The argument made by those who would deny Moore a seat is really about denying the voters of Alabama the right to elect the person of their choosing to represent them in the Senate. Proponents of the position that the Senate should be able to deny the franchise to Alabamians rests on their dubious interpretation of Article I, Section 5 of the U.S. Constitution.

“Each house shall be the judge of the elections, returns and qualifications of its own members,” and “[Each house may] punish its members for disorderly behavior, and with the concurrence of two thirds, expel a member,” are the two relevant passages.

If the Senate were to deny the seat to the person who wins the election in Alabama, they would not be judging the election returns, they would be instead telling the voters of Alabama they do not like their choice. The purpose of giving each house the right to judge election returns is clearly in case there is a dispute as to who actually won the election. No reasonable person can interpret that portion of the Constitution to say that the framers, including Madison, intended for the Senate to rule on the merits of the person the people of a state chose.

So what were the framers concerned about?

In The Federalist, No. 59, Alexander Hamilton argued for why a house of Congress should have this power to judge election returns. In this article, Hamilton explained that it would stop any “conspiracy to prevent an election.” Certainly, the state of Alabama is holding an election to fill the vacancy left by Senator Jeff Sessions when he left the Senate to become attorney general.

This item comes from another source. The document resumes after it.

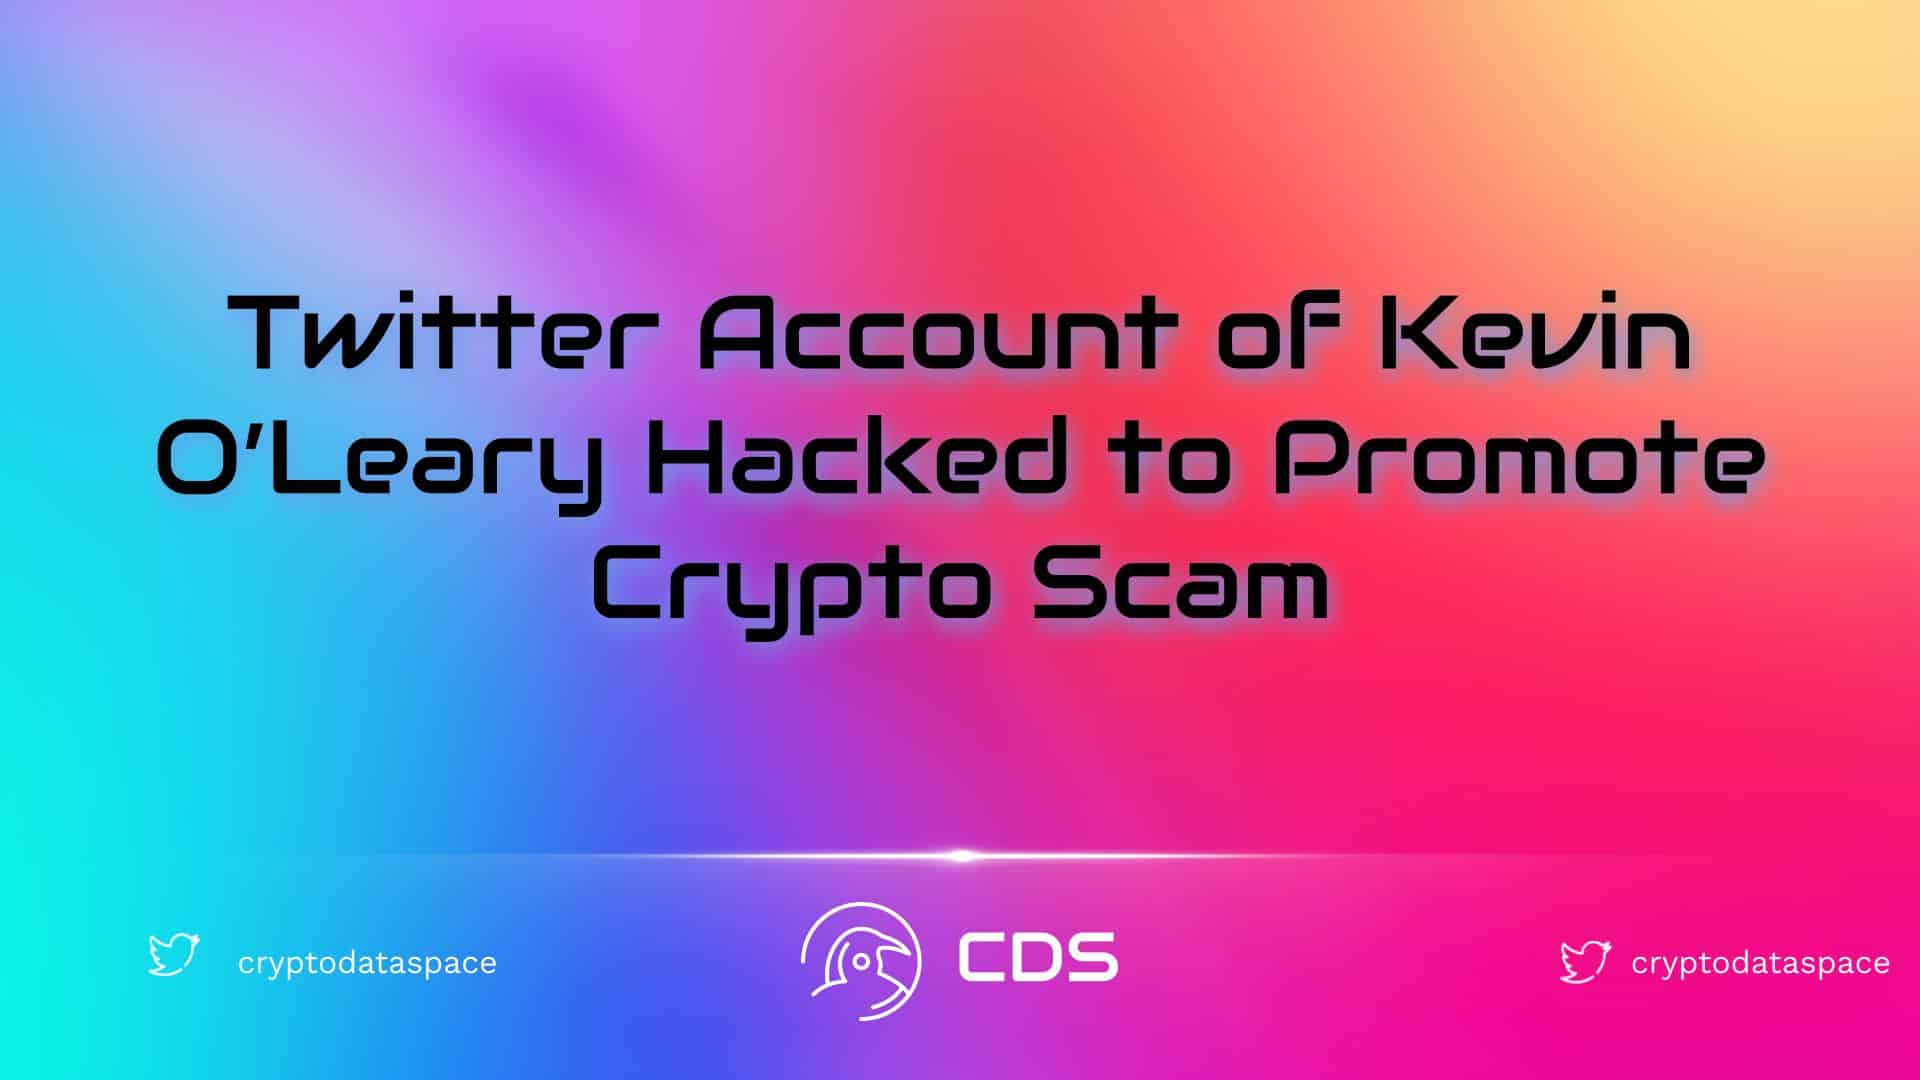 Twitter Account of Kevin O'Leary Hacked to Promote Crypto Scam

In The Federalist, No. 60, Hamilton said the purpose of the provision was not intended to “promote the election of some favorite class of men in exclusion of others.” Clearly, denial of the post to Moore would indeed be promoting the Senate leadership’s “favorite” over a person they did not want, even before the ugly accusations against Moore surfaced.

The other argument used to give the Senate the power to simply deny Moore the seat is that the Constitution gives each house the right to determine the “qualifications” of its members. Actually, the required qualifications to be a member of the House or Senate are explicitly stated in the Constitution. For the Senate, Article I, Section 3 says, “No person shall be a senator who shall not have attained to the age of thirty years, and been nine years a citizen of the United States, and who shall not, when elected, be an inhabitant of that state for which he shall be chosen.”

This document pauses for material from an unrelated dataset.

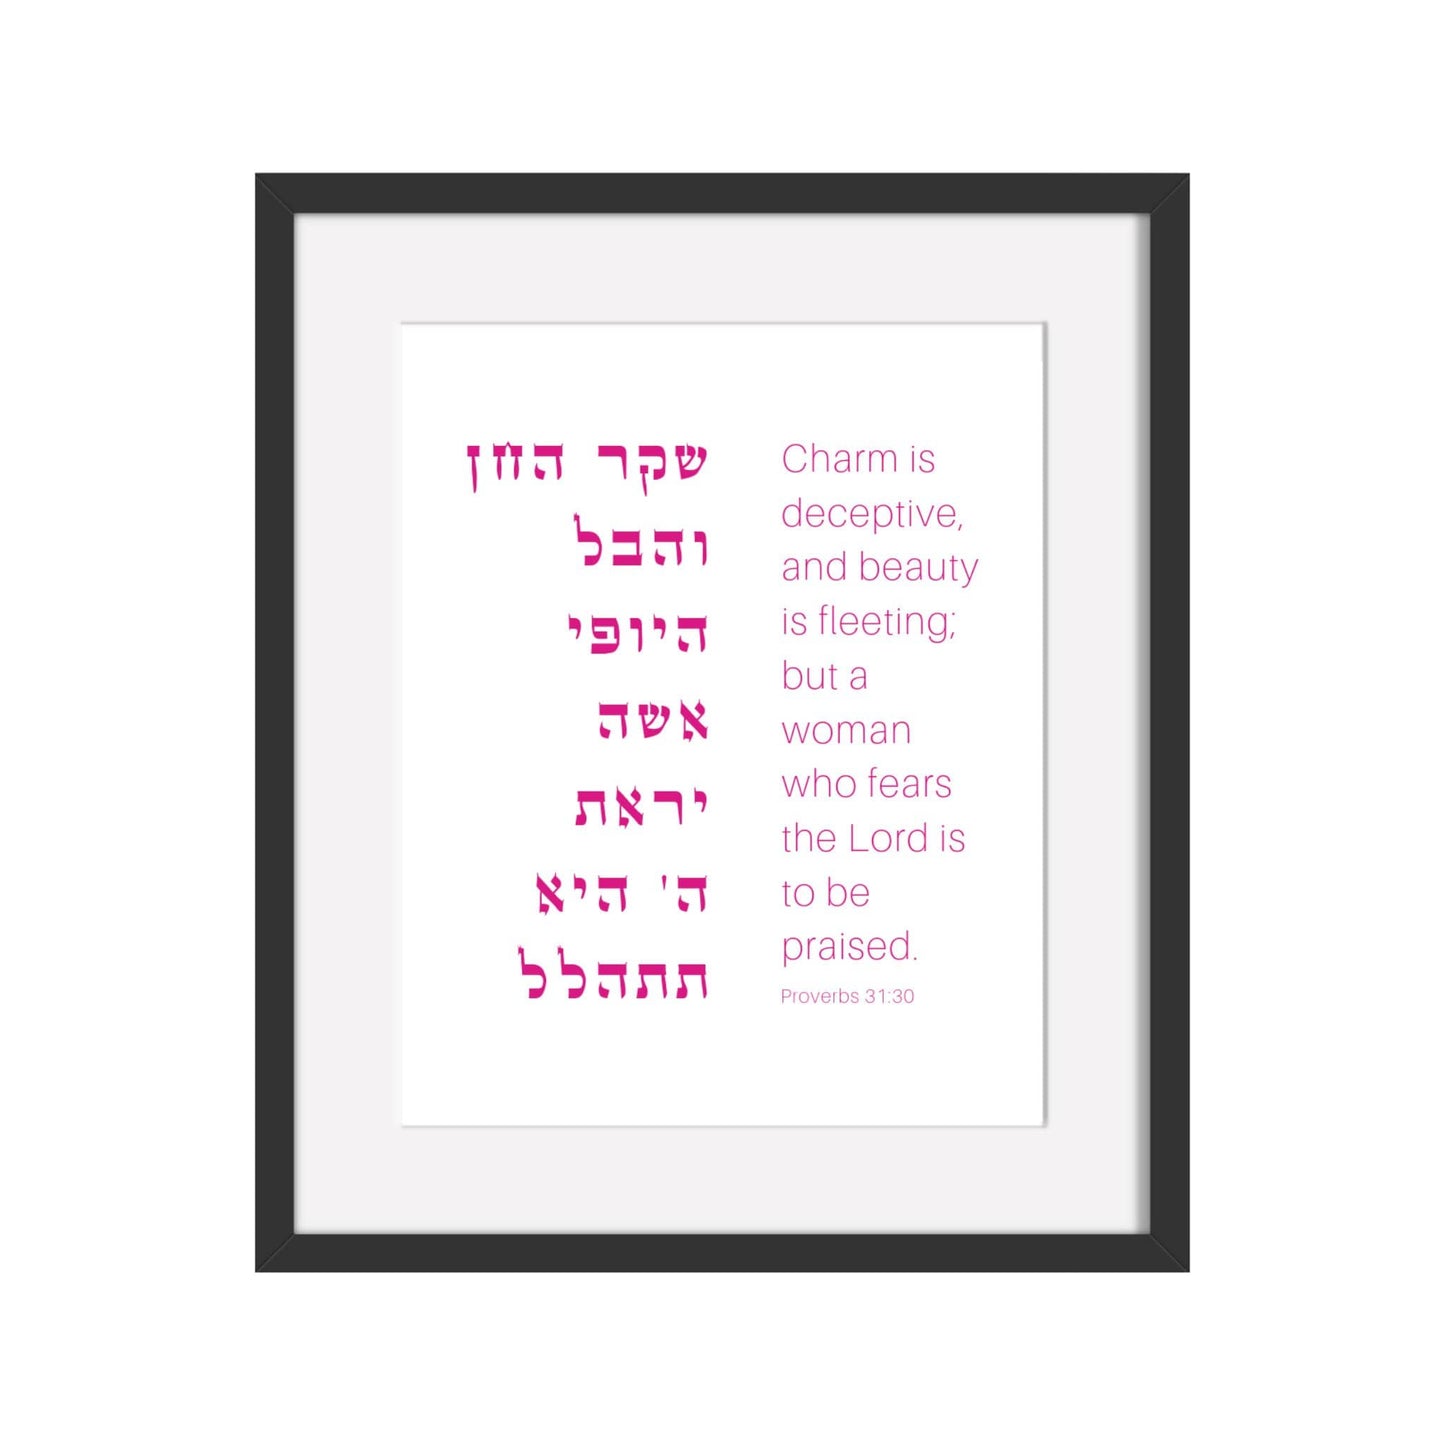 The Verse Proverbs 31:30 Proverbs 31:30 Charm is deceptive, and beauty is fleeting | Jewish Art
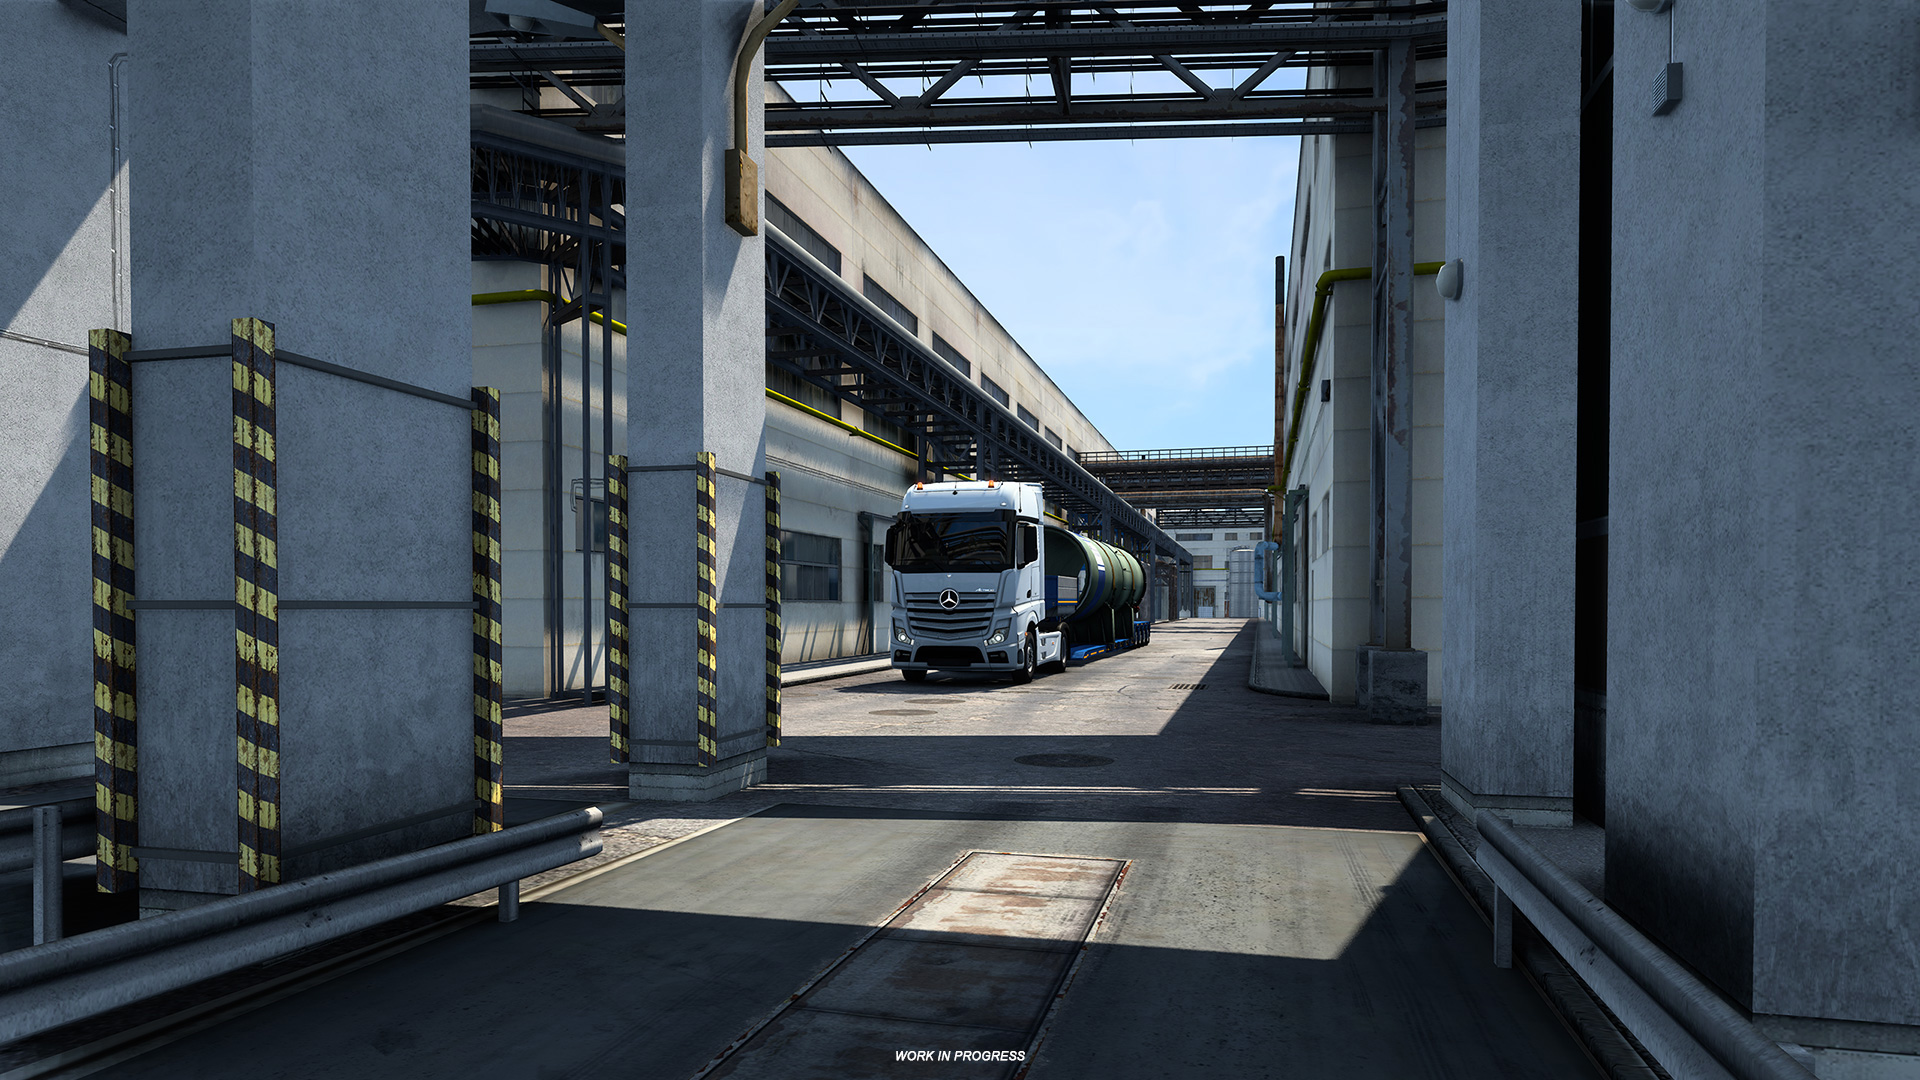 Euro Truck Simulator 2 devs remind us of “the main reason for a trucker’s journey”

Writing in The Federalist, No. 52, Madison alludes to the qualifications for membership in Congress found in Article I, Section 3, adding, “Under these reasonable limitations, the door of this part of the federal government is open to merit of every description, whether native or adoptive, whether young or old, and without regard to poverty or wealth, or to any particular profession of religious faith.”

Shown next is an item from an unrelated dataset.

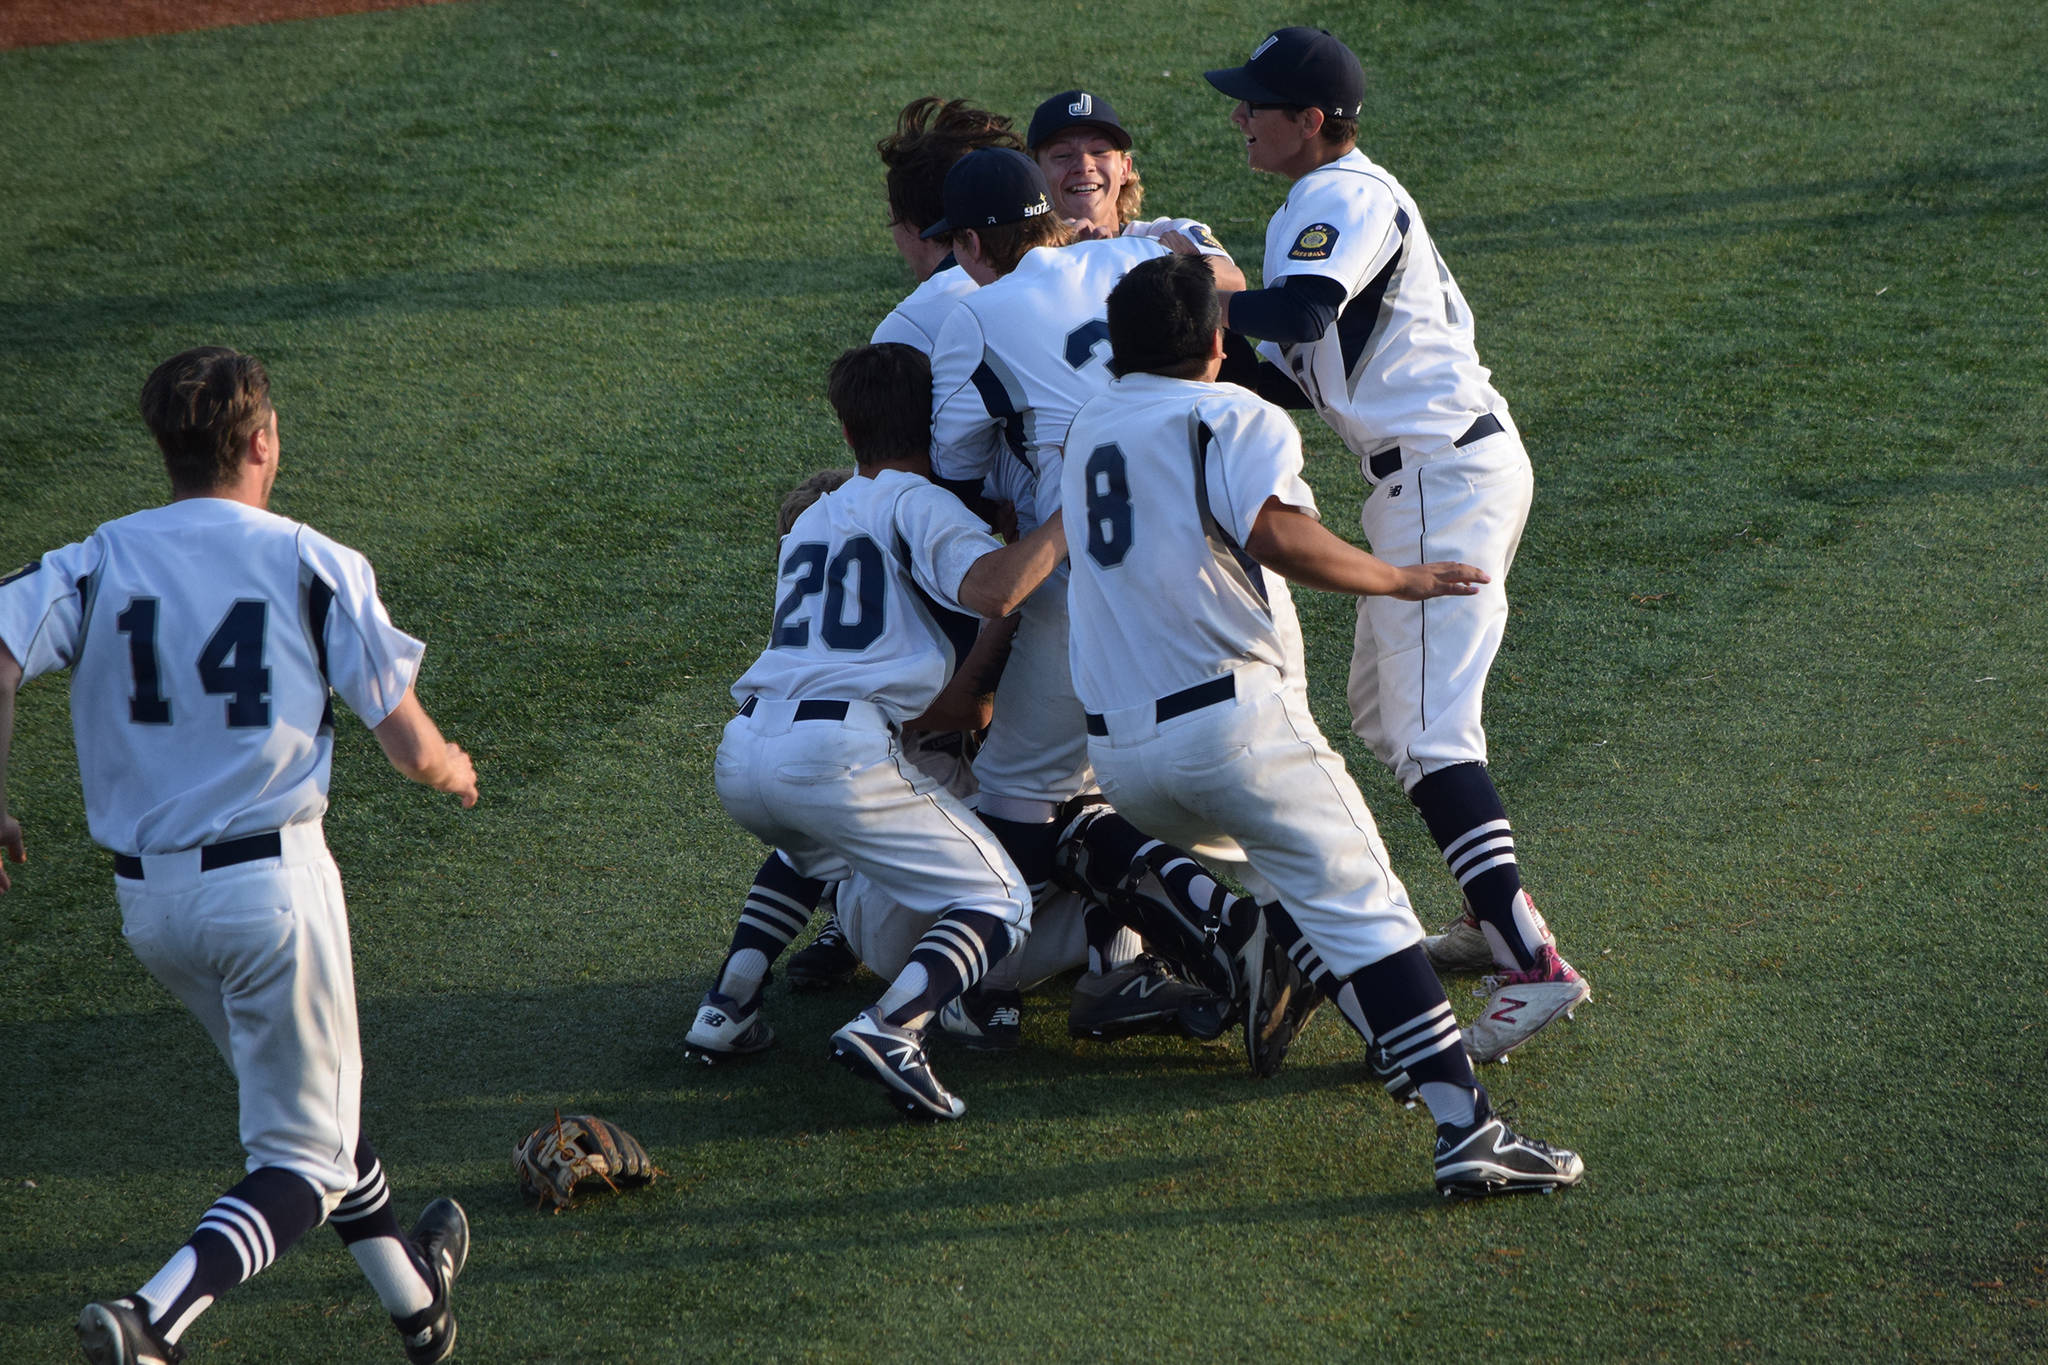 The Juneau Post 25 baseball team celebrates winning its third consecutive American Legion state championship at Mulcahy Stadium in Anchorage on Tuesday, July 30, 2019. Juneau defeated Wasilla Post 35, 13-8, in an eight-inning thriller. (Nolin Ainsworth | Juneau Empire)

Note that Madison says nothing about any additional qualifications other than those found in the Constitution. Moore has clearly been a U.S. citizen for nine years, is at least 30 years old, and he certainly lives in Alabama.

The 17th Amendment altered the method of electing senators. Originally, the Constitution gave that power to the respective state legislatures, but during the “progressive era,” in which more popular elections was advocated, this was changed to direct popular vote, making it an identical process to choosing members of the House of Representatives. According to the amendment, senators were to be elected by the people of the state they would represent.

No indication whatsoever was given that the present membership of the U.S. Senate would be given the authority to deny seating a person who has been duly elected by the people of his state, and who has met the qualifications, as stipulated in the Constitution.